In Praise of Fuzzy Caterpillars

By Anita Sanchez

The last time I strolled along a trail at the Arbore­tum, I spot­ted anoth­er fall wan­der­er — a small black-and-white fuzzy cater­pil­lar. Unlike me, he had a clear pur­pose in his trav­els — he was seek­ing a cozy place to spend the win­ter. Once he found a shel­tered spot — under a log, or in a crevice of bark — he would shed all those fuzzy hairs and use them to craft a snug cocoon. This lit­tle fel­low was a hick­o­ry tus­sock moth.
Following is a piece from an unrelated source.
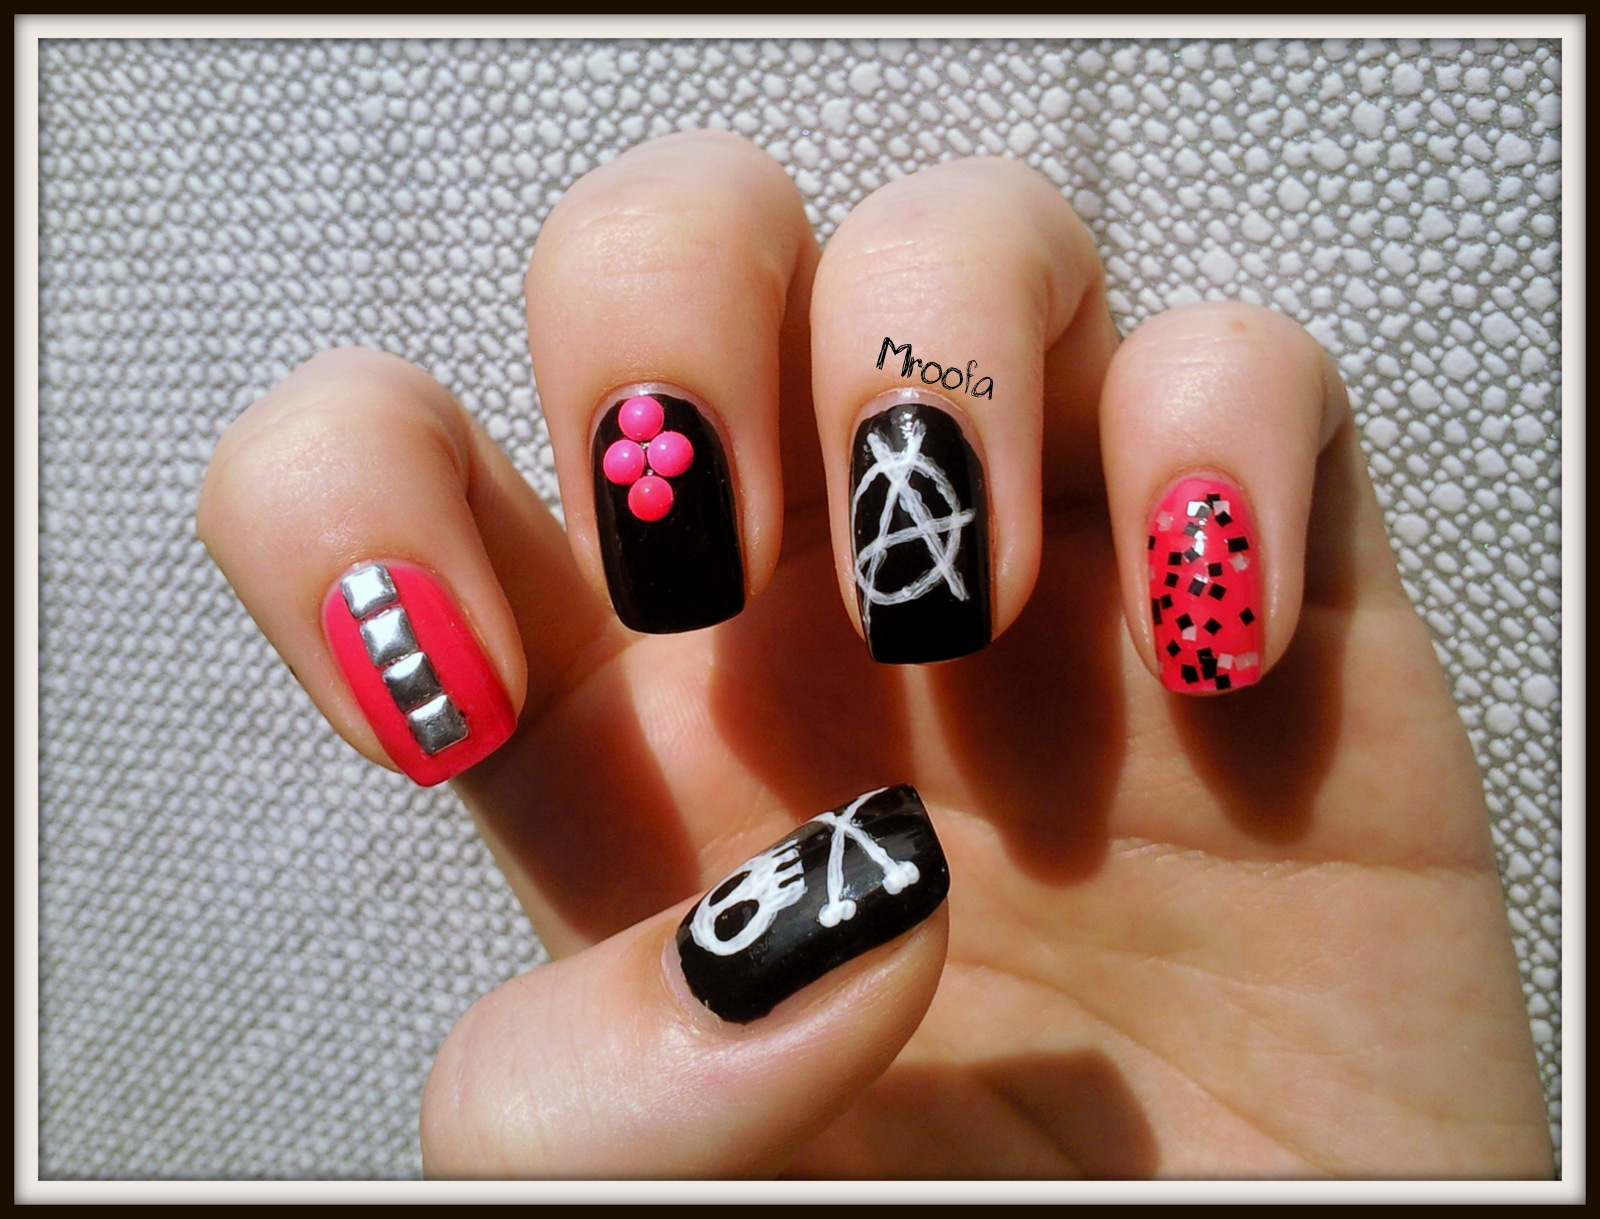 1. "Studded Punk Rock Nails" - wide 3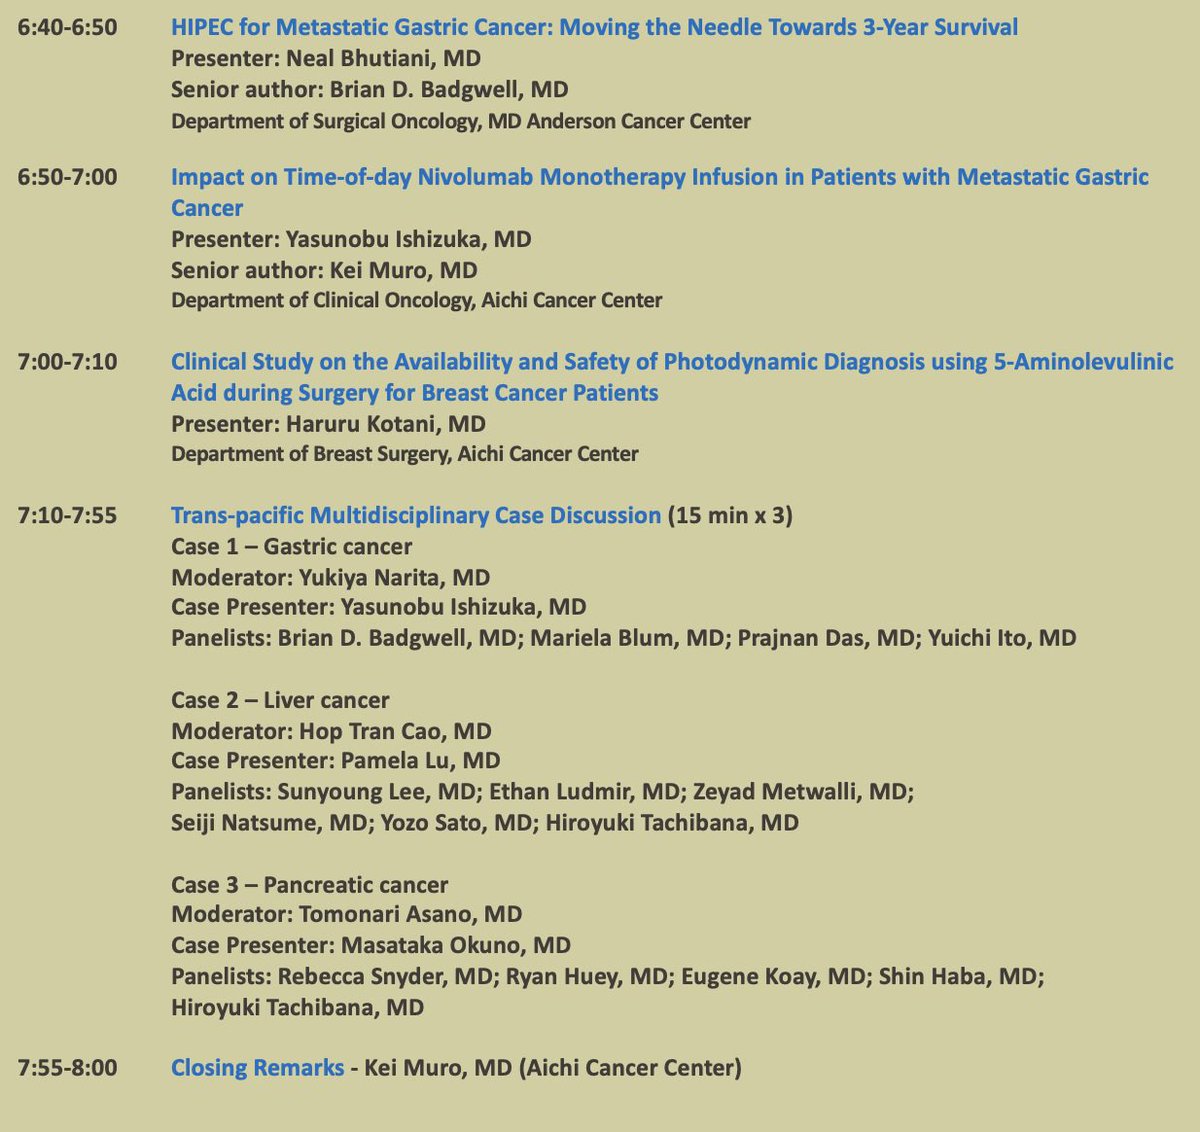 1st MD Anderson-Aichi Cancer Center Joint Cancer Symposium on 3/8 Fri 5-8 pm CST. start with our own Dr. Pisters’ lecture, followed by research/clinical lectures and MDC case discussions in topics of HPB/gastric cancers. Join us virtually! Bit.ly/3SHi6IR @MDAndersonNews

These moths munch on hick­o­ry leaves and the leaves of oth­er plants, but don’t cause a lot of dam­age to trees.

I’ve always had a soft spot for cater­pil­lars, and when I was a kid, I would have picked him up and maybe put him on a stick and watched him crawl along, just for fun. Seems as though noth­ing could be more harm­less than a fuzzy cater­pil­lar. But I’ve been see­ing these lit­tle guys all over the media late­ly— on Face­book, on Twit­ter, and even on the evening news and in the local papers. And the cater­pil­lars are always described with words like lethal,” dan­ger­ous,” and ter­ri­fy­ing.” And the scari­est word of all: ven­omous.” Was I real­ly risk­ing death when I picked up a tus­sock moth cater­pil­lar in my youth? Are they real­ly a life-threat­en­ing menace? 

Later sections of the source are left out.